— Нравы там, конечно, лихие, — звучно сказал генерал, откинувшись на спинку стула. — Помню, в горах, я на машине, со мной солдат-водитель и офицер вэвэшник. Наткнулись на чужих. Горцы, но не местные, я уж там многих знал. Остановился. Подошел документы проверять. А у самого — ни автомата, ничего. Что он, этот пистолет! Пока будешь доставать, тебя пять раз убьют. С бумагами у них все оказалось в ажуре. А под бурками, ясно, что оружие. Назад к машине возвращаюсь, стараюсь помедленней, потверже идти. И думаю: главное — не оглянуться. Прошьют мгновенно всех, сбросят в пропасть вместе с машиной — и никаких следов. Одно эхо. Вот так. Сели, отъехали за поворот. Чувствую, у меня спина мокрая. Глянул в зеркальце — чуб через волос стал седым. И так все время там прожил — обнимал какого-нибудь урку бородатого за плечи и шел. Все ж попал один раз — восемь шрамов на теле, голова — пополам. Сшили мне череп, все, вроде оклемался от ранения, пошел в парикмахерскую, мне мастер струю воды направила на голову — потерял сознание от боли…

Земфира вздохнула:

— Ой, я уж не знаю, как я этот кошмар пережила!.. И вот все, вернулся, а приказ — тянут и тянут. И я отследила, нашла, на ком дело застряло. Прорвалась через кордоны к генерал-лейтенанту. Морда бандитская, блестит как самовар. Как глянула, сразу поняла: такому взятку давать — не удивишь. На слезу — не возьмешь. Говорю ему: «Товарищ генерал-лейтенант, хотите стать генерал-полковником? Возьмите мой телефон, мы с вами это обсудим». Хохочет вовсю, но вижу — клюнул. Я ему улыбаюсь, а сама думаю: тебя бы в горы, месяца на два! Быстро бы жиры сошли… В общем, пришел приказ. Как мы гуляли!.. — Земфира завела глаза, воспоминательно покачала головой-башней. — Я говорю: Коль, срочно, надо срочно шить форму. Он: куда теперь спешить! Я говорю: молчи! Ты не знаешь здешней жизни.
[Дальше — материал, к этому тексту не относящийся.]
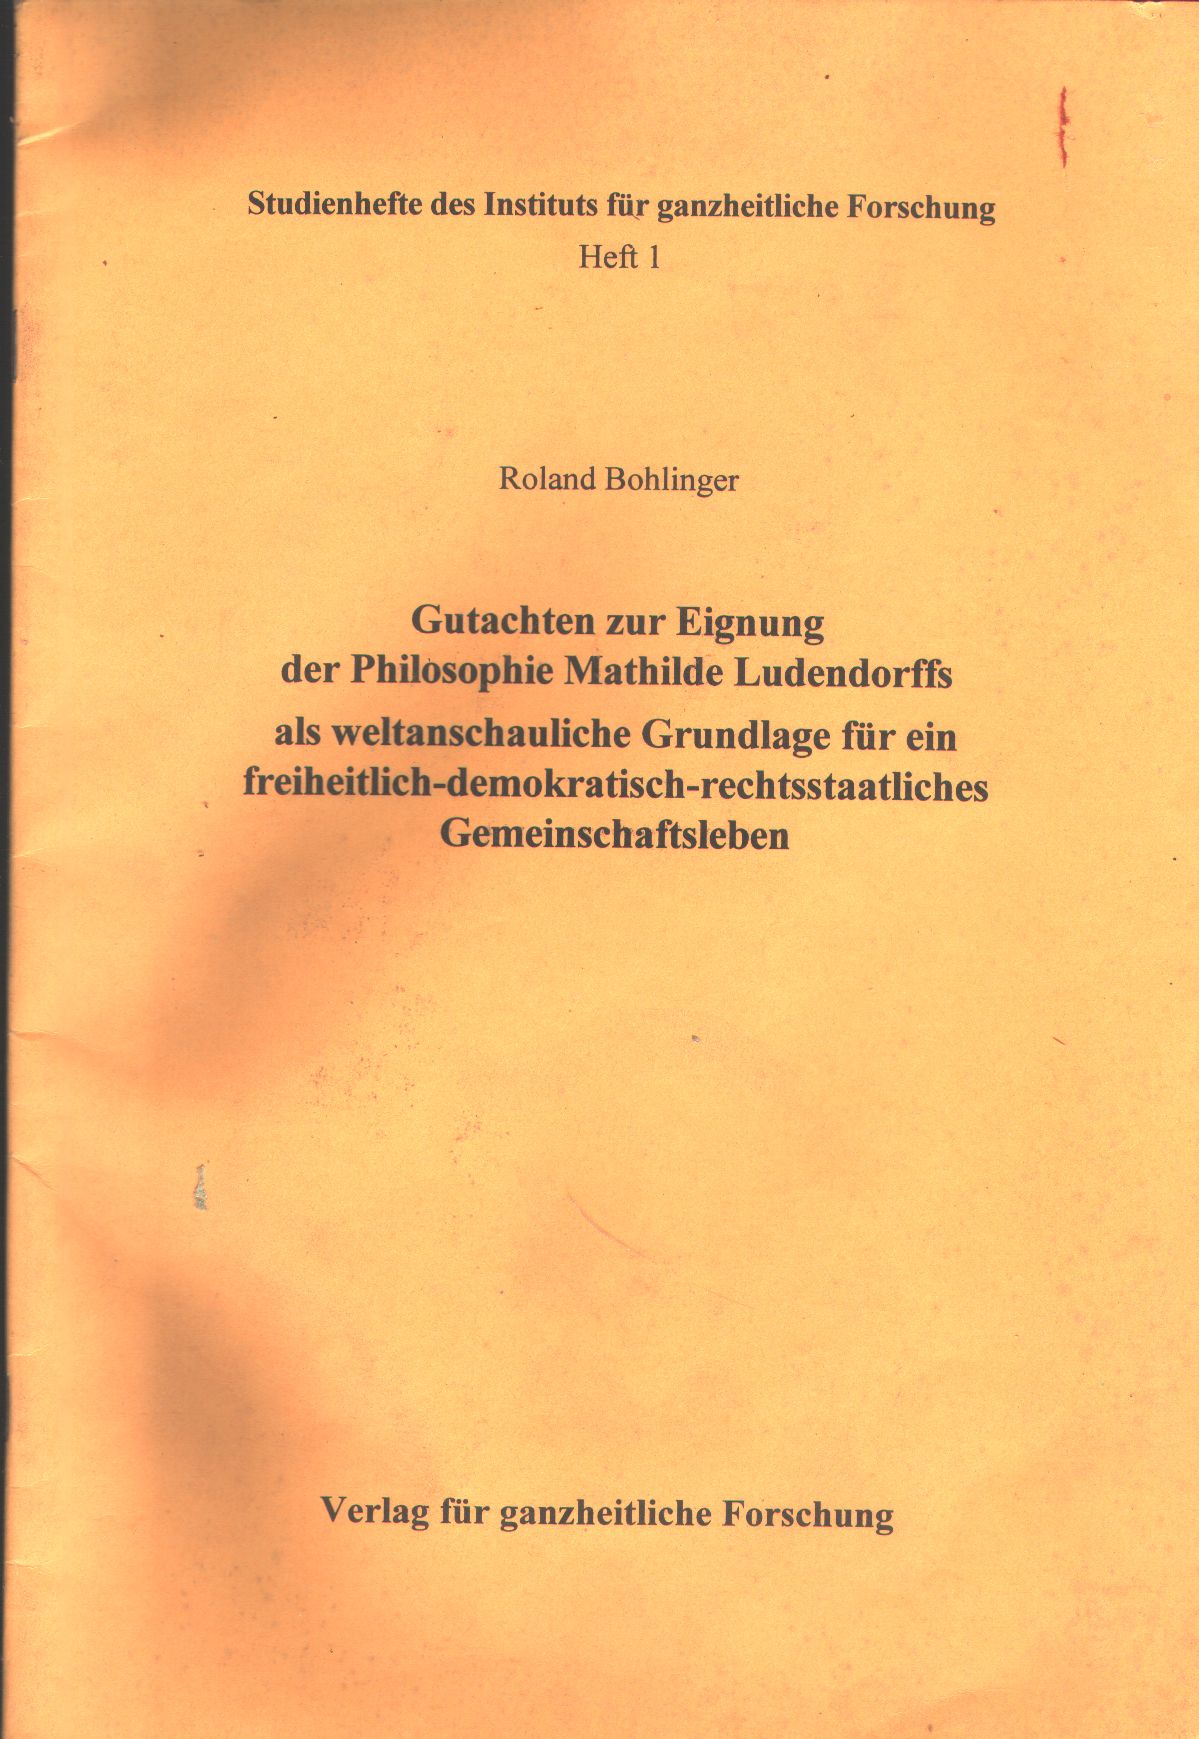 Roland Bohlinger  Gutachten zur Eignung der Philosophie Mathilde Ludendorffs als weltanschauliche Grundlage für ein freiheitlich-demokratisch-rechtsstaatliches Gemeinschaftsleben 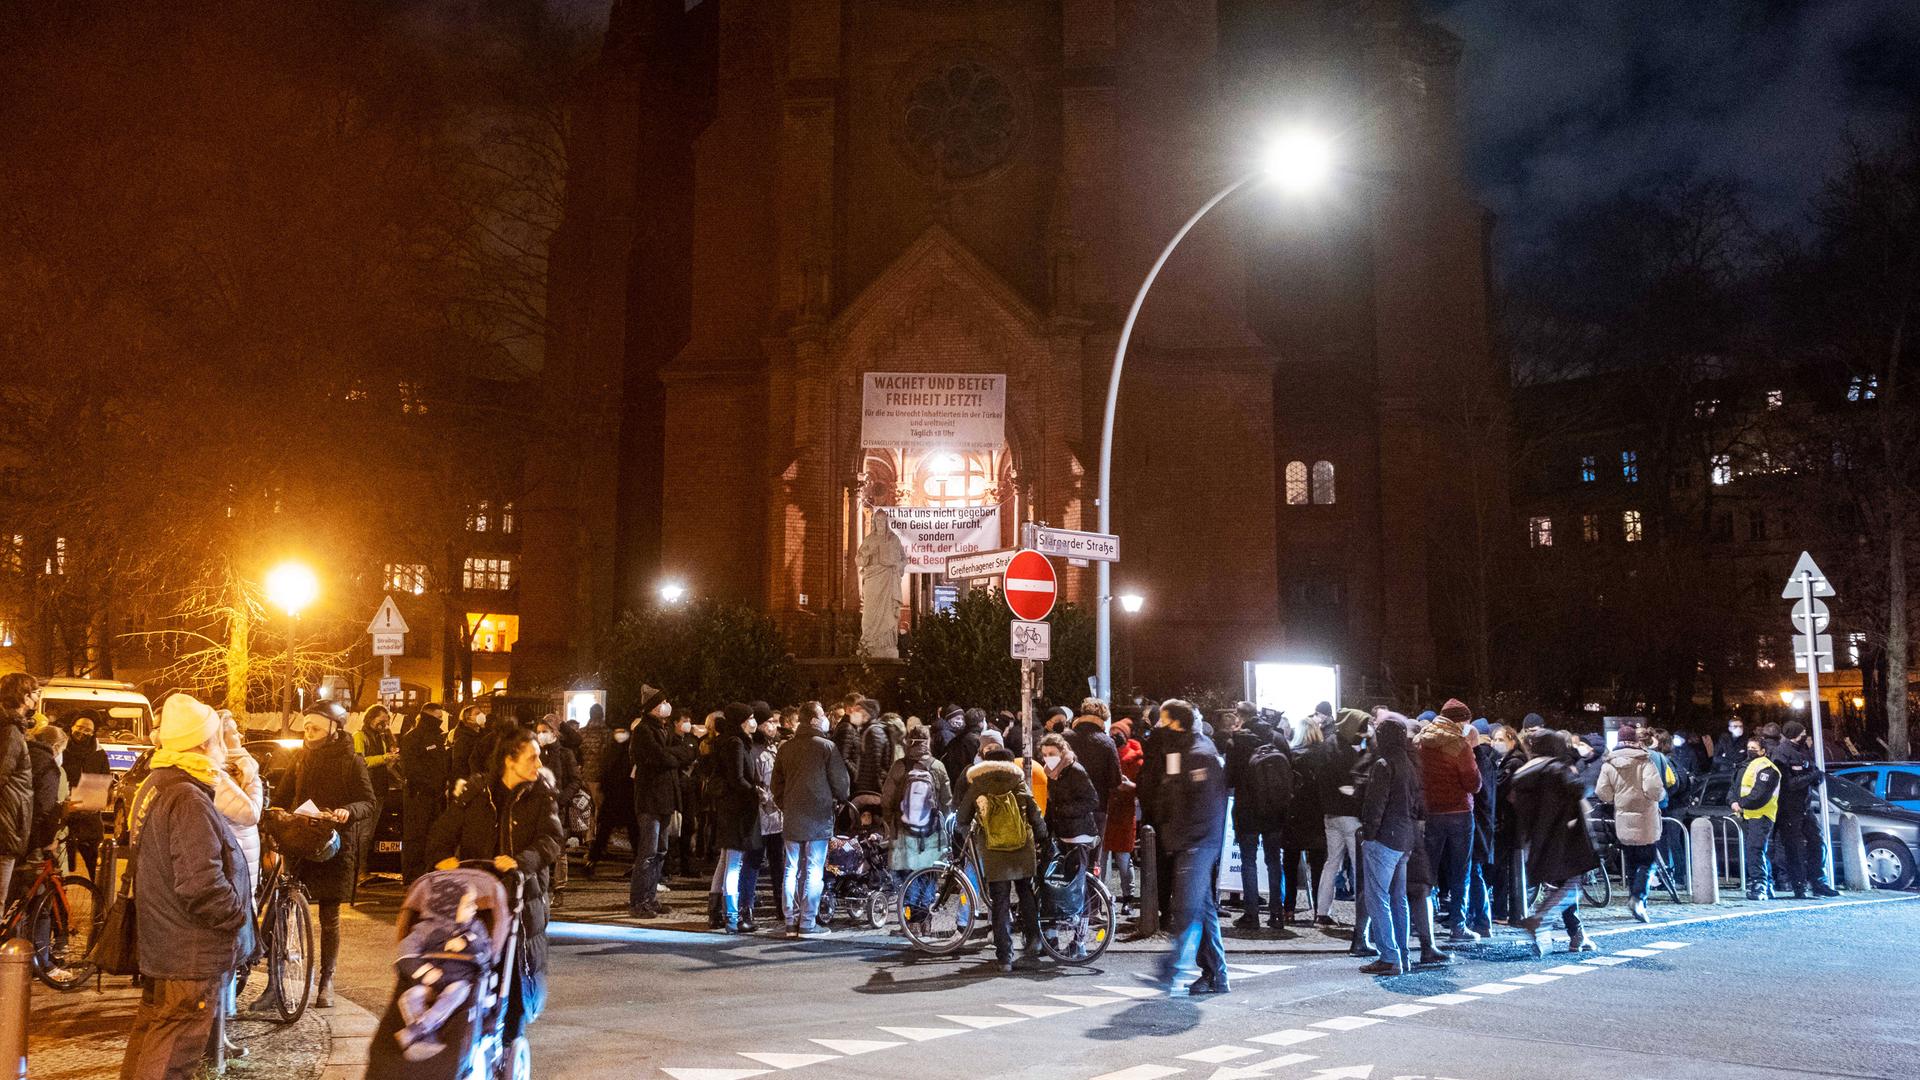 Viele Menschen mit Mundschutz stehen am Abend auf der Straße, vor dem Eingang einer Backsteinkirche.

Золотошвейки все разбежались по домам блатным. Мы зимнюю форму летом шили. Девчонкам сунула деньги, они все заказы побоку — переживет Генштаб, не развалится, ночами сидели, за три дня сделали! Это ж не шутка — генеральская форма! И вовремя как, вовремя — через неделю золотое шитье отменили. А мы все успели: и парадку, и повседневную сделать… Я, я его вывела в генералы, а то бы ходил с…ным полковником, — вдруг пьяно закричала Земфира. — Ломоносов, на колени, к моим ногам!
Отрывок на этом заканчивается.